WHAT THE TASK REQUIRES –
Return all of the data below verbatim and exclude every picture.

PROVIDED MATERIAL –
------------------------------------
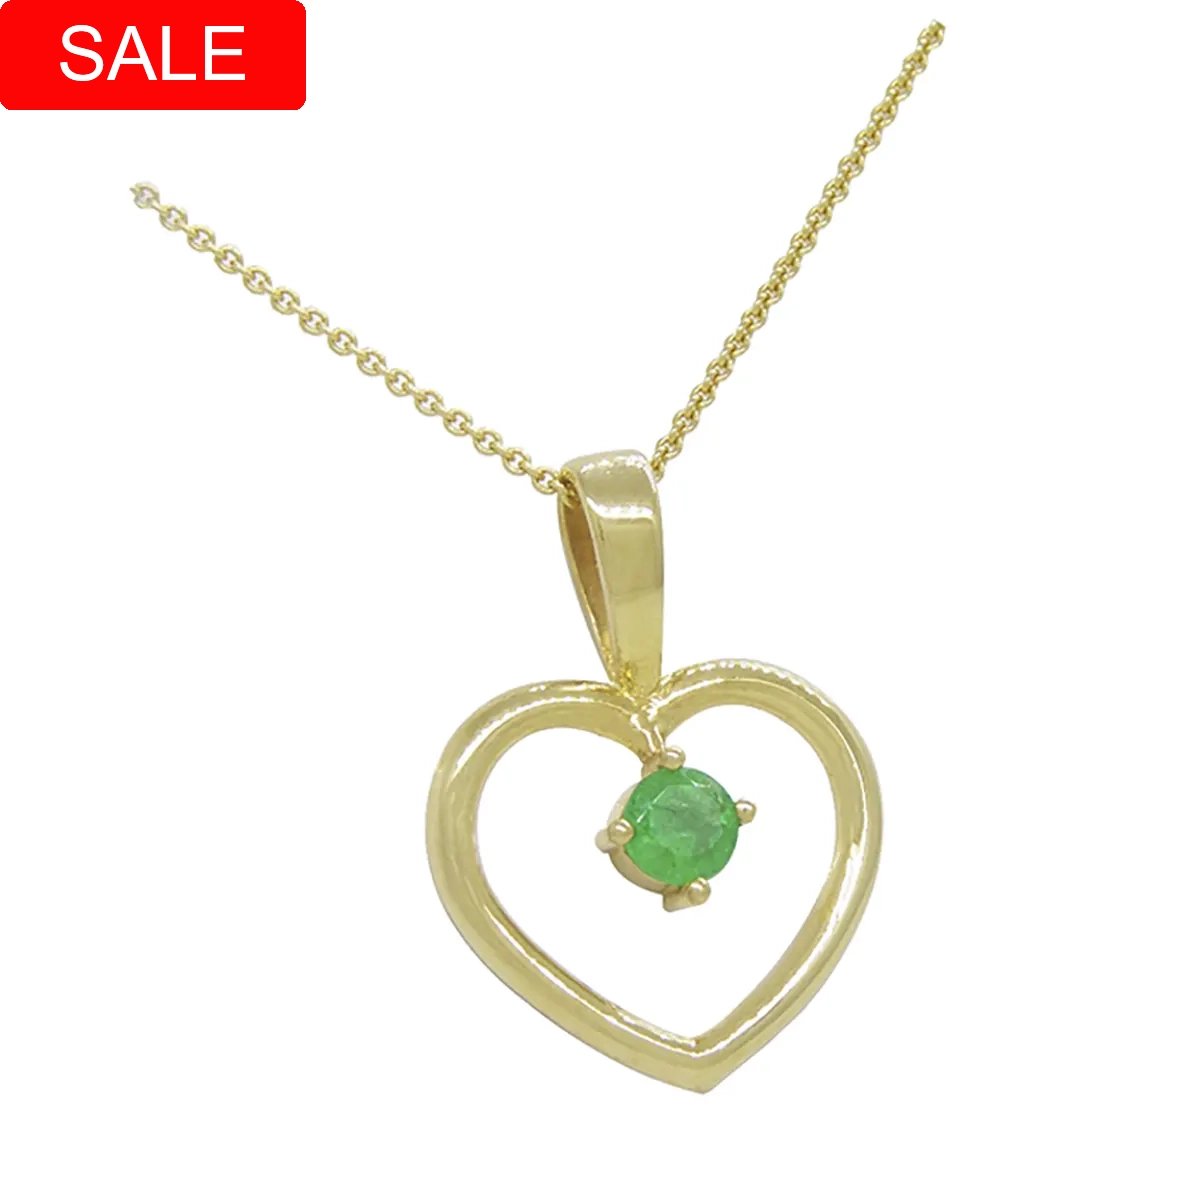 Gold Plated Silver Heart Shape Pendant with Genuine Round Cut Emerald
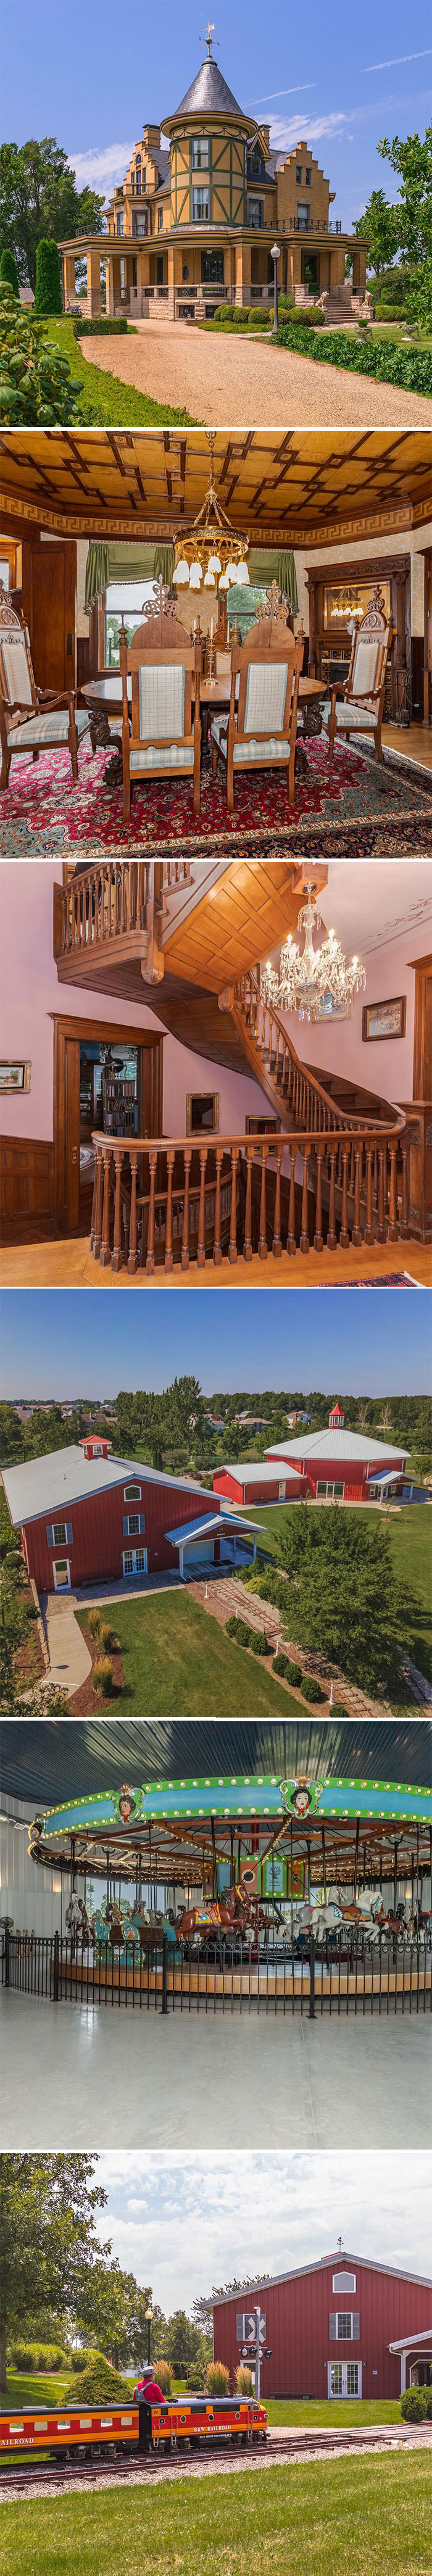 I’m Not Saying This 1898 Victorian Is My Most Favorite Zillow Gone Wild House Ever But This Is My Most Favorite Zillow Gone Wild House Ever And It Comes With A Few Surprises??? $4,500,000
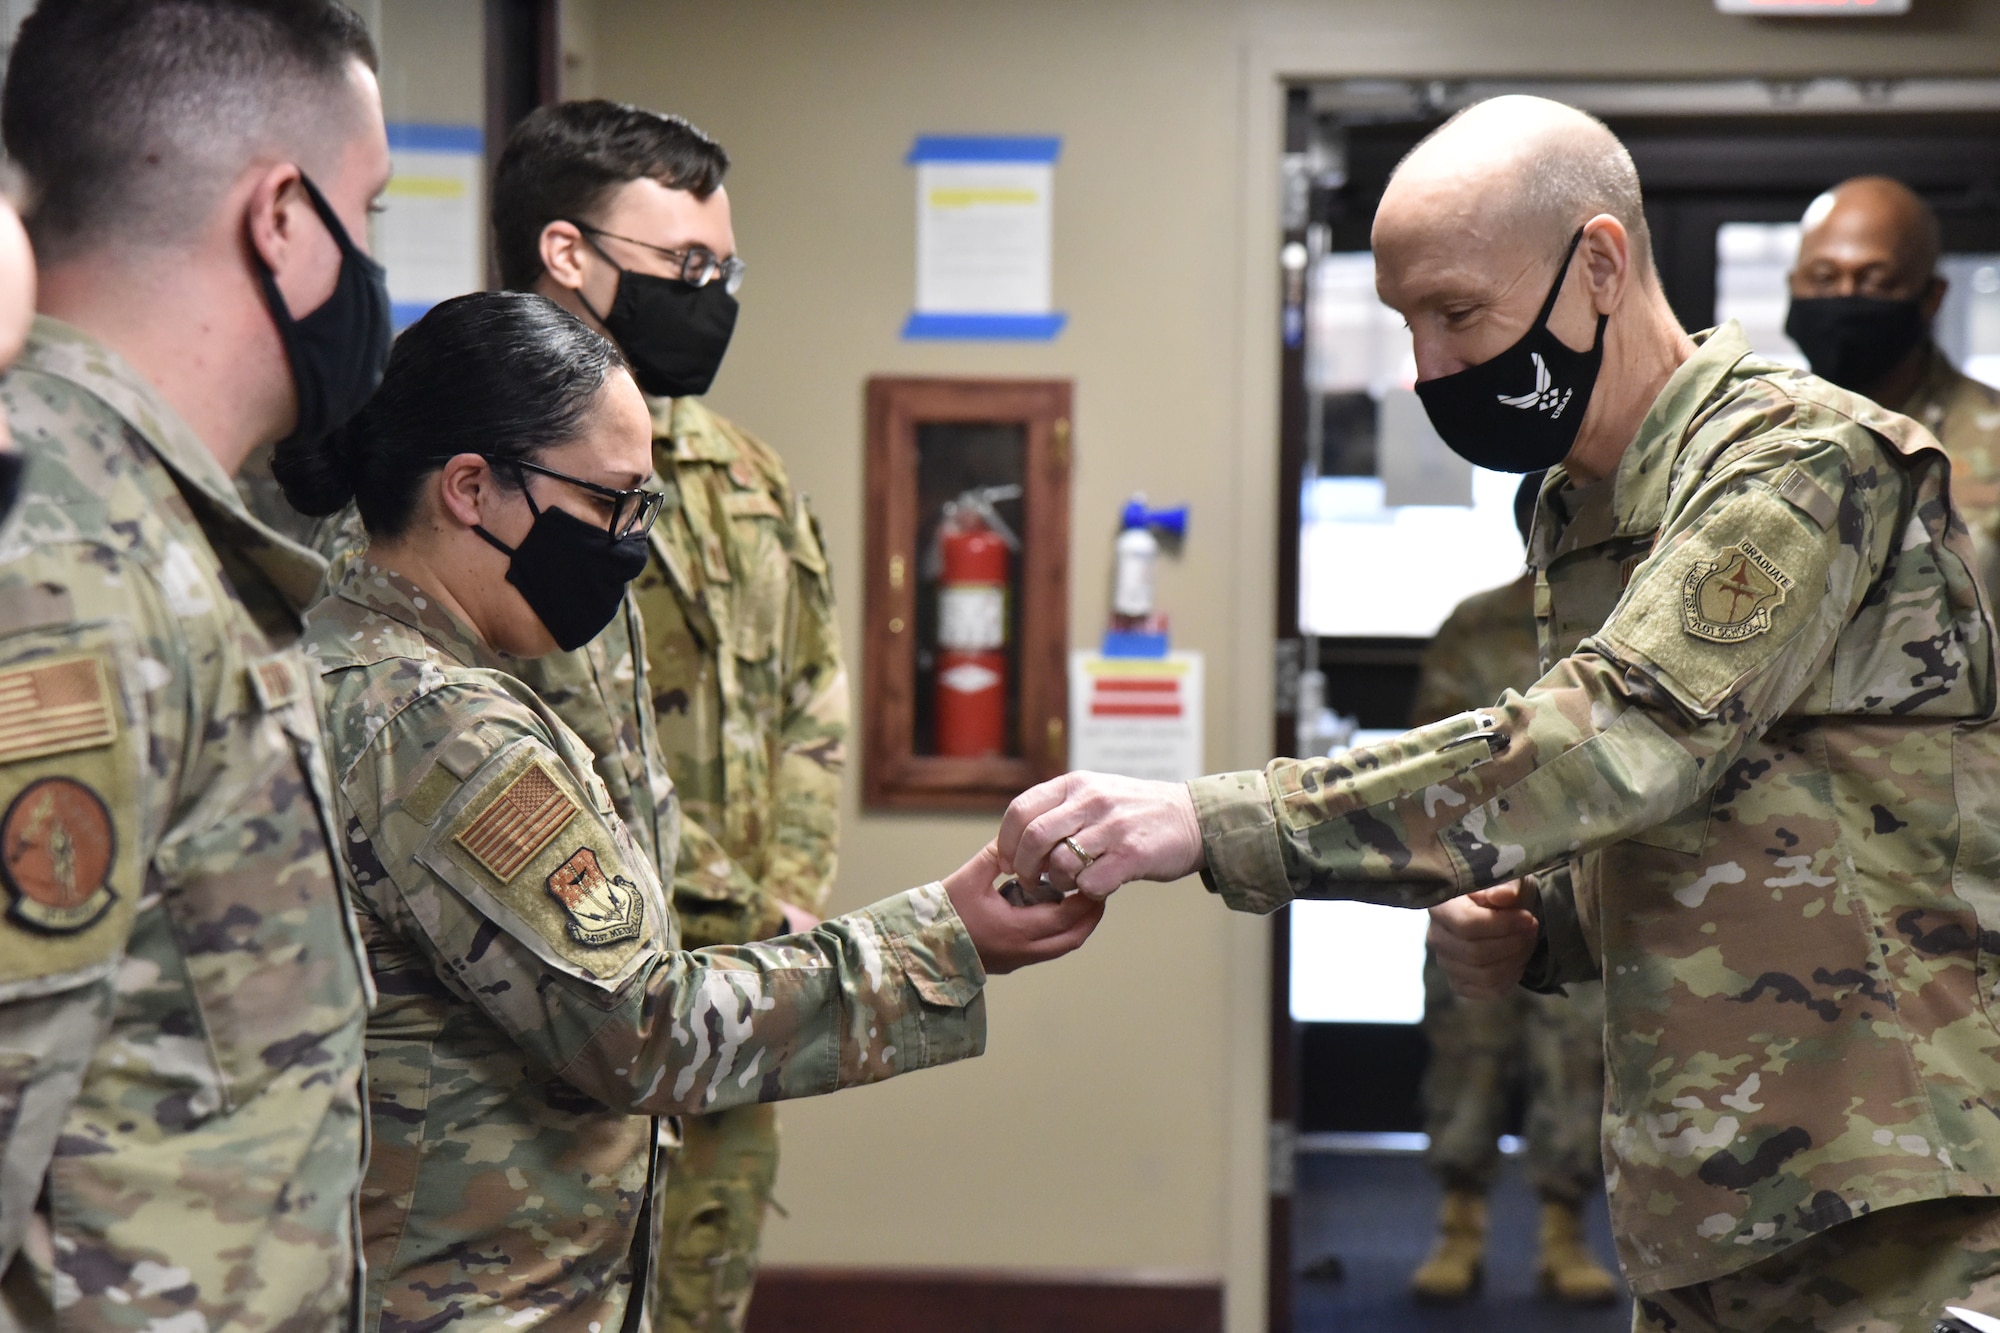 Air Force Vice Chief of Staff Gen. David Allvin presents a coin for exceptional performance to Tech Sgt. Mayra Corona, 341st Medical Group Military Health System Genesis project coordinator, Jan. 29, 2021, during a trip to Malmstrom Air Force Base, Mont. (U.S. Air Force photo by Senior Airman Daniel Brosam)
------------------------------------
ANSWER BOX –
 Gold Plated Silver Heart Shape Pendant with Genuine Round Cut Emerald
 I’m Not Saying This 1898 Victorian Is My Most Favorite Zillow Gone Wild House Ever But This Is My Most Favorite Zillow Gone Wild House Ever And It Comes With A Few Surprises??? $4,500,000
 Air Force Vice Chief of Staff Gen. David Allvin presents a coin for exceptional performance to Tech Sgt. Mayra Corona, 341st Medical Group Military Health System Genesis project coordinator, Jan. 29, 2021, during a trip to Malmstrom Air Force Base, Mont. (U.S. Air Force photo by Senior Airman Daniel Brosam)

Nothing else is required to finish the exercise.